Если Эдгар Касим и растерялся, то на считанные доли секунды. Быстро собравшись с духом, он молвил следующее:

— Как говорил кто-то из первого состава Комитета, победителей не судят. Спрашивайте — я отвечу. Только, как я понимаю, разговор предстоит долгий, поэтому предлагаю пройти в мой кабинет. И вот еще что, господин журналист. Проект ПОЧТИ завершен, однако, если в течение сорока восьми часов в СМИ промелькнет хотя бы фраза, я обещаю вам крупные неприятности. ЭТО вы поняли?

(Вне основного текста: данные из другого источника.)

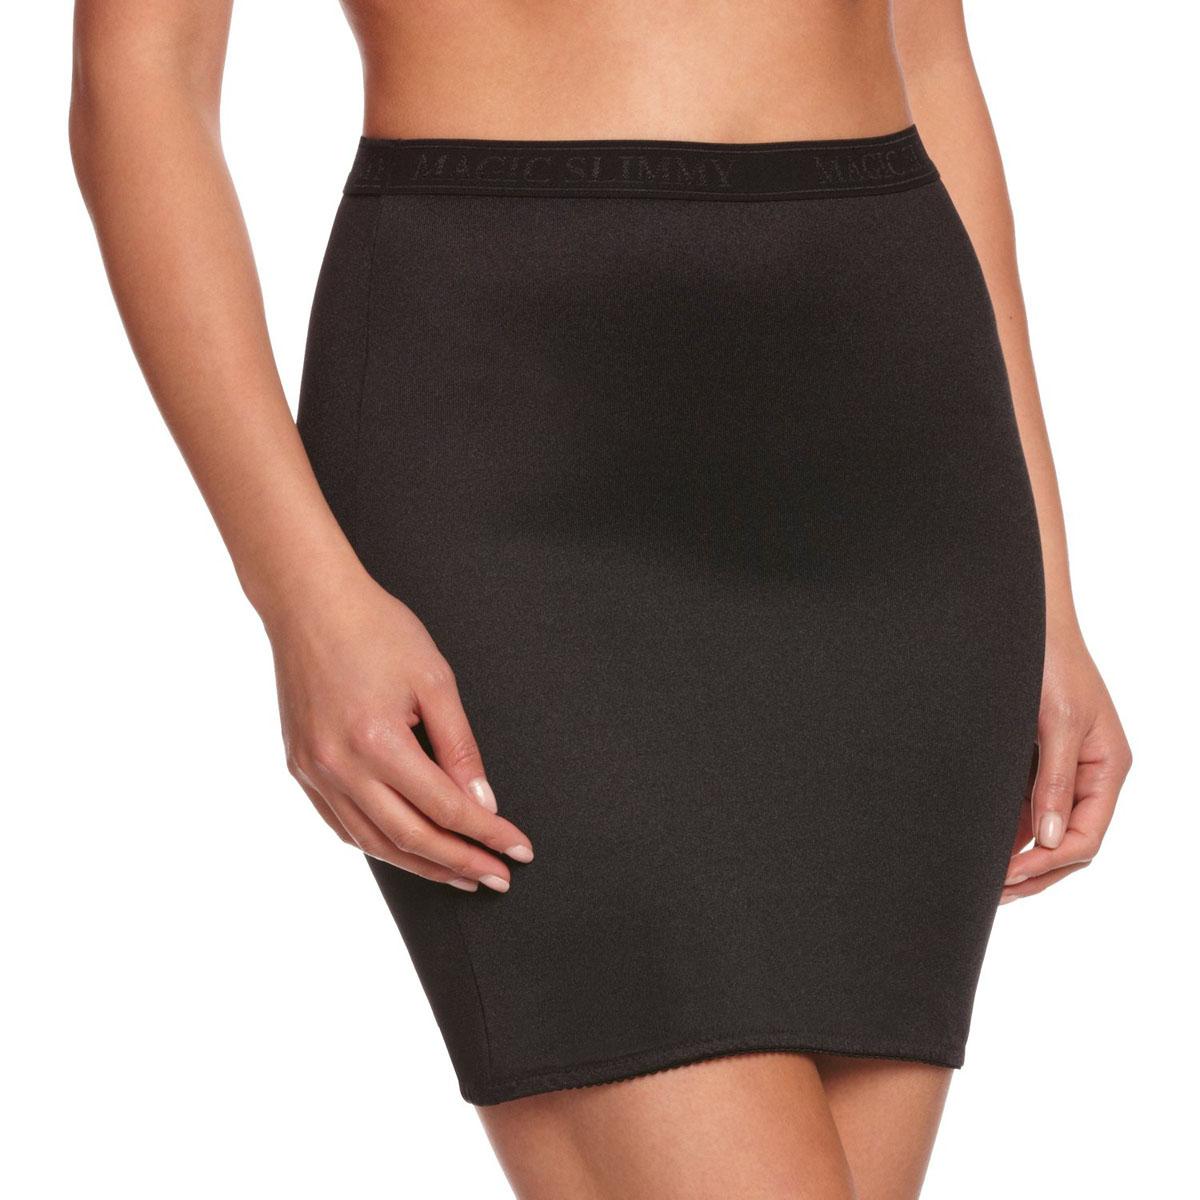 Юбка Magic BodyFashion Slimmy Skirt, корректирующая, цвет: черный. 10WL. Размер M (46)

— Пожалуй, — согласился я.

* * *

Кабинет Эдгара Касима был невелик по площади и большей частью состоял из стола, по форме напоминающего букву «Т». Сам хозяин кабинета расположился у верхней части «буквы», мы же заняли места с боков. С минуту Касим сидел молча, положив сцепленные пальцы на стол и глядя попеременно то в мою сторону, то на Радована Штилье. Первым нарушить тишину и «игру в молчанку» осмелился я.

— Вопросы у меня следующие, — мой голос звучал без дрожи, без заискивания, твердо и решительно, — кто и почему убил Германа Ли? Для чего его убийство чуть не повесили на меня? Что такое проект «Ксено» и с какой целью проводились эксперименты над миганами? Почему планета Нэфус с ее многомиллионным населением и фактически вся система Альтаира была сдана противнику? И какого черта, скажите на милость, чиновникам была дана возможность покинуть планету, как крысам — тонущий корабль?! Почему об установке не знало все остальное население Нэфуса?!

На последних фразах я все-таки сорвался на крик. Вспомнились боевые товарищи, особенно Рик Ястреб и Кристина Мбанга; гибель их вспомнилась — где-то героическая, но большей частью нелепая. А еще я вспомнил то беспечно-веселое настроение, что охватило Радована Штилье, когда мы прорвались к установке. Эти два воспоминания и привели меня в ярость.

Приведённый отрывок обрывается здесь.